13. The method of claim 11, wherein forming the magnetic composition comprises adhering an amphiphilic material comprising functional surface groups to the contaminant, then interacting a magnetic material with the functional surface groups of the amphiphilic material.

14. The method of claim 13, wherein the amphiphilic material is natural organic matter, humic acid, a synthetic polymer, or a surfactant, or a combination thereof.

15. The method of claim 13, wherein the magnetic material comprises particles containing a magnetic core.

16. The method of claim 13, wherein the magnetic material is selected from an oxide, a nitride, a metal, or a metal alloy, or a combination thereof.

17. The method of claim 13, wherein the magnetic material is selected from magnetite, maghemite, Ni, Co, Fe, FePt, CoPt, FePd, or CoPd, or a combination thereof.

18. The method of claim 13, wherein the magnetic material is in the form of a nanoparticle or a microparticle.

19. The method of claim 1, wherein the environment comprises contaminated water, contaminated soil, or contaminated sediment, or a combination thereof.

20. The method of claim 1, wherein the magnetic composition is in the form of a nanoparticle or a microparticle.

21. A composition comprising a micelle array confined in a magnetic mesoporous framework.

22. The composition of claim 21, wherein the micelle array comprises a surfactant.

23. The composition of claim 22, wherein micelles of the micelle array are physically confined within the mesoporous framework.

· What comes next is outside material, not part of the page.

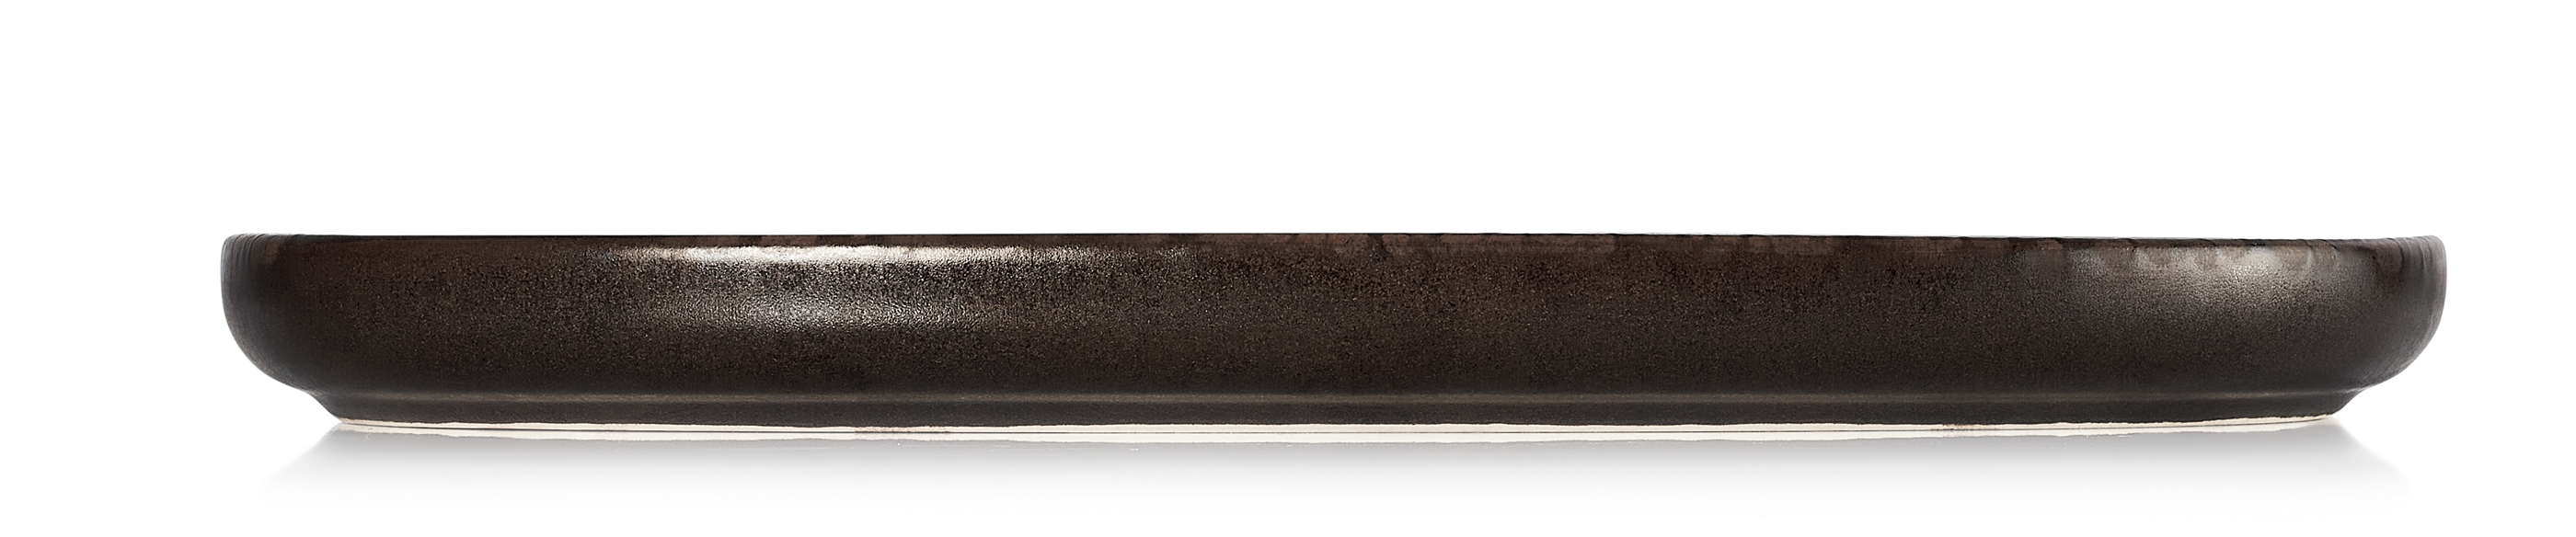 ROCKZZERO® Platte, 33 x 23 cm, Set á 4 Stück, metallic brown, Steinzeug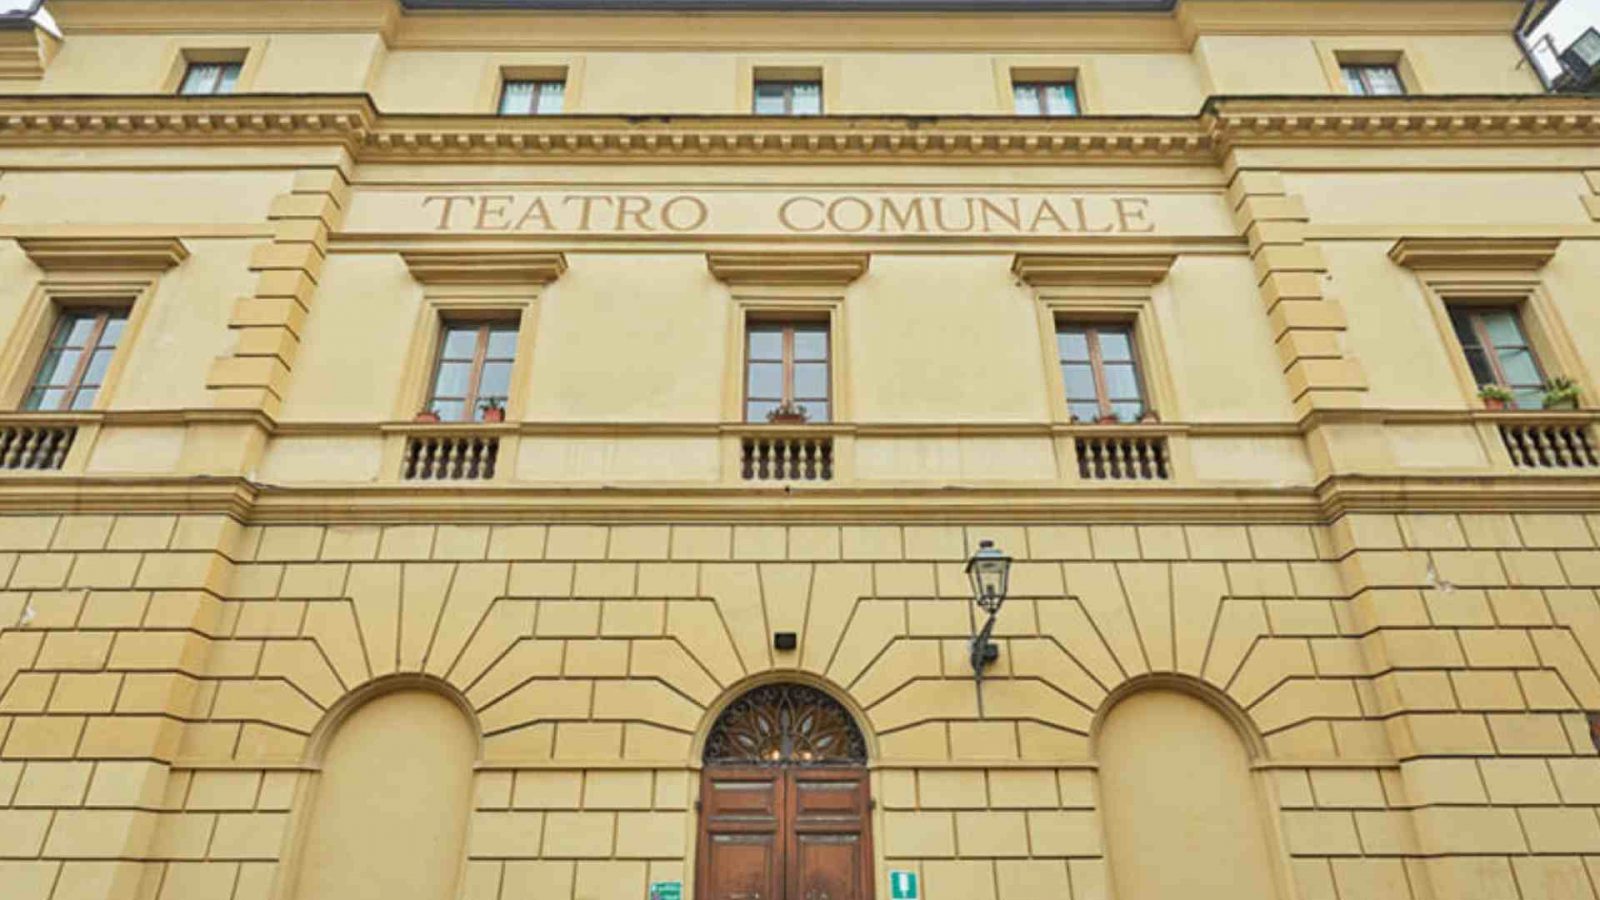 La facciata del Teatro Comunale Giuseppe Manini di Narni

24. The composition of claim 22, wherein micelles of the micelle array are chemically confined within the mesoporous framework.

25. The composition of claim 21, further comprising a grafted monolayer or polymer brush for enabling heavy metal decontamination and organic matter removal.

26. The composition of claim 21, wherein the composition comprises a core/shell structure.

27. The composition of claim 26, wherein the core/shell structure comprises an iron oxide core, a silica mesoporous framework, and a cationic surfactant-containing micelle array.

28. The composition of claim 21, wherein the composition is in the form of a nanoparticle or a microparticle.

29. A method of producing a magnetic micelle array, comprising:

a) preparing a magnetic particle;

b) mixing a surfactant and a mesoporous framework-forming substance with the magnetic particle in such a way that surfactant micelles confined in a mesoporous framework are produced on the surface of the magnetic particle.

30. The method of claim 29, wherein preparing the magnetic particle comprises preparing a core magnetic particle and reversing surface charges of the core magnetic particle.

31. The method of claim 29, wherein the magnetic micelle array is in the form of a nanoparticle or a microparticle.

32. The method of claim 29, wherein the mesoporous framework-forming substance is a silica-based substance.

33. The method of claim 29, wherein the magnetic particle comprises an iron oxide, the surfactant is a cationic surfactant, and the mesoporous framework produced on the surface of the magnetic particle is a silica mesoporous framework.

34. A method of removing a contaminant from a liquid, comprising passing a solution of an amphiphilic compound-stabilized nanoparticle through a chromatographic column comprising silica coated with a material that interacts with functional surface groups of the amphiphilic compound.

35. A method of enriching for a hydrophobic organic compound, said method comprising:

a) adsorbing the hydrophobic organic compound into a micelle array confined in a magnetic mesoporous framework; and

b) applying a magnetic field to select for the hydrophobic organic compound.

36. A method of enriching for a composition that comprises single-walled carbon nanotubes, multi-walled carbon nanotubes, fullerenes, carbon black or a carbon black-type material, or boron nitride particles, or a derivative or combination thereof, said method comprising:

a) adhering an amphiphilic material comprising functional surface groups to the composition;

b) interacting a magnetic material with the functional surface groups of the amphiphilic material; and

c) applying a magnetic field to select for the composition.